7. Open a New York business bank account
As a best practice, LLC members should open a business bank account. There are rules to follow for an LLC to remain compliant.
One is not commingling or mixing business and personal funds. Doing so implies that the LLC is not a truly separate entity and could void the personal asset protection for members that the LLC provides.
Your accounting and tax processes are also simplified when all transactions are related to the business. Your LLC must be registered with the state to open a business bank account, and you must have an EIN.
New York LLC taxes, costs, and fees
If you plan to sell physical products, you will also need to register for a Sales Tax Certificate of Authority with the New York Department of Taxation of Finance at least 20 days before you make a sale.
For each physical product you sell, you must collect sales tax from the buyer and file a sales tax return monthly, quarterly, or annually. To calculate the tax due on a sale, multiply the taxable sale amount by the sum of the state rate (4%) and any local tax rates.
Even if you don’t make any sales, you are still required to file the sales tax return to avoid failure-to-file penalties. You must also display your Certificate of Authority at your place of business, even if you do business from your home.
If you ship products to other states, you will also be responsible for collecting and paying sales tax in each state.
New York business permits and licenses
Depending on the industry your business operates in, you may be required to obtain a business license or permit. Certain businesses like hair salons, childcare centers, and real estate brokers require a license or special permit to operate in the state.
New York State has resources at the county and borough level to help you determine whether or not your LLC requires a permit or license to operate.
Pros and cons of forming an LLC in New York
As you prepare to form your LLC in New York, you need to understand the pros and cons. Here’s a quick summary.
New York LLC pros
- LLC members can form an LLC in about 30 minutes with the New York Department of State.

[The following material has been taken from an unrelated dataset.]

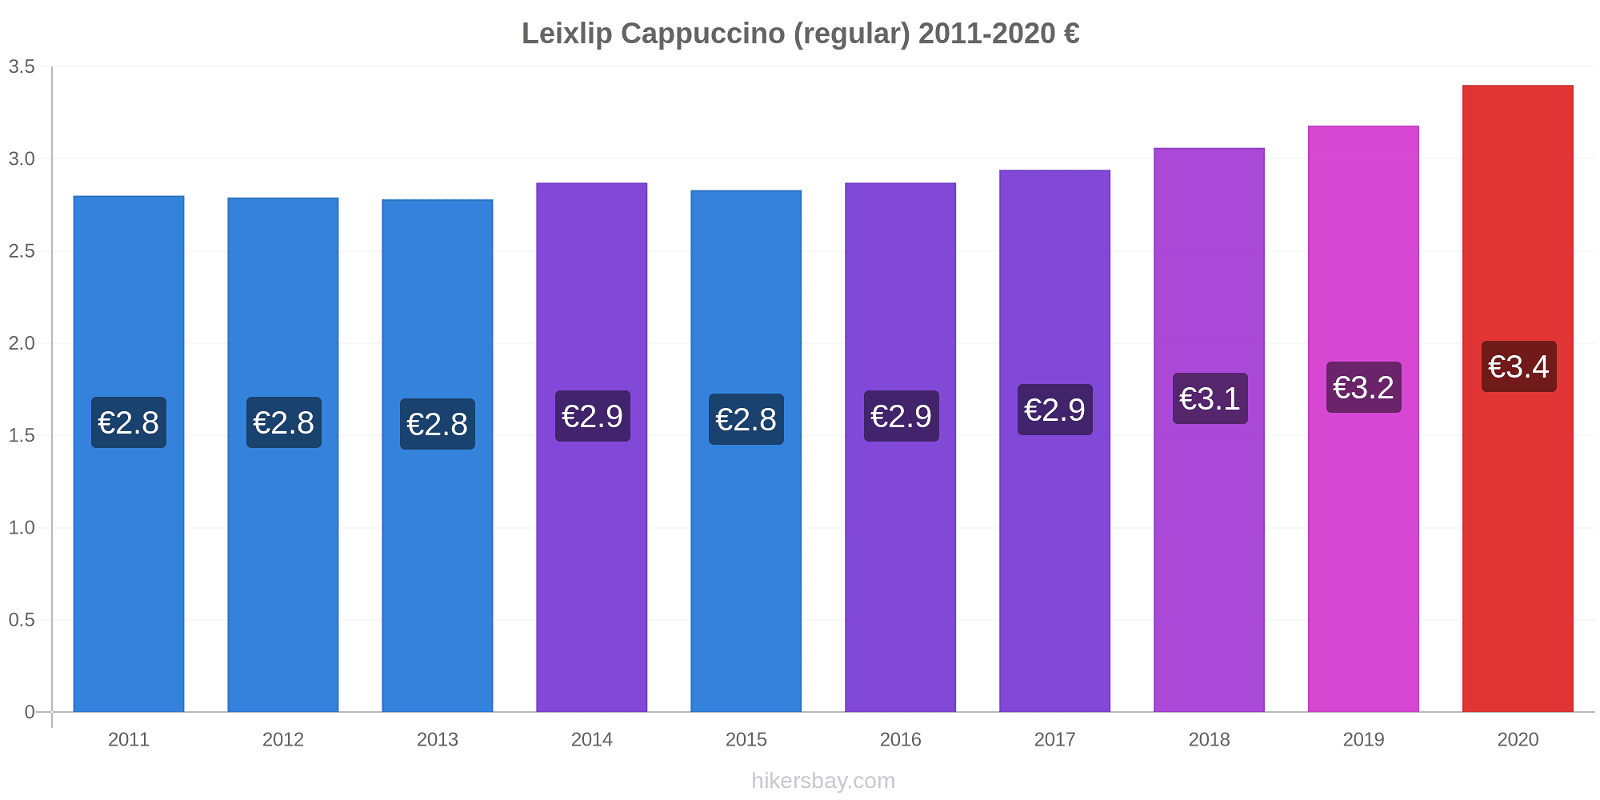 Leixlip price changes Cappuccino (regular) hikersbay.com

- Minimum compliance requirements
- Personal assets are protected from losses and legal action
- Pass-through tax treatment of profits and losses
New York LLC cons
- Investors frown on LLCs because of acquisition complexities
- Owners must be diligent in not commingling business and personal funds
- Members pay self-employment taxes
- Publishing rates in New York City are much higher than in neighboring cities.
- For each physical product sold, you must collect sales tax from the buyer and file a sales tax return monthly, quarterly, or annually.
- In New York State, LLC members must create and file their Operating Agreement within 90 days of filing the Articles of Organization.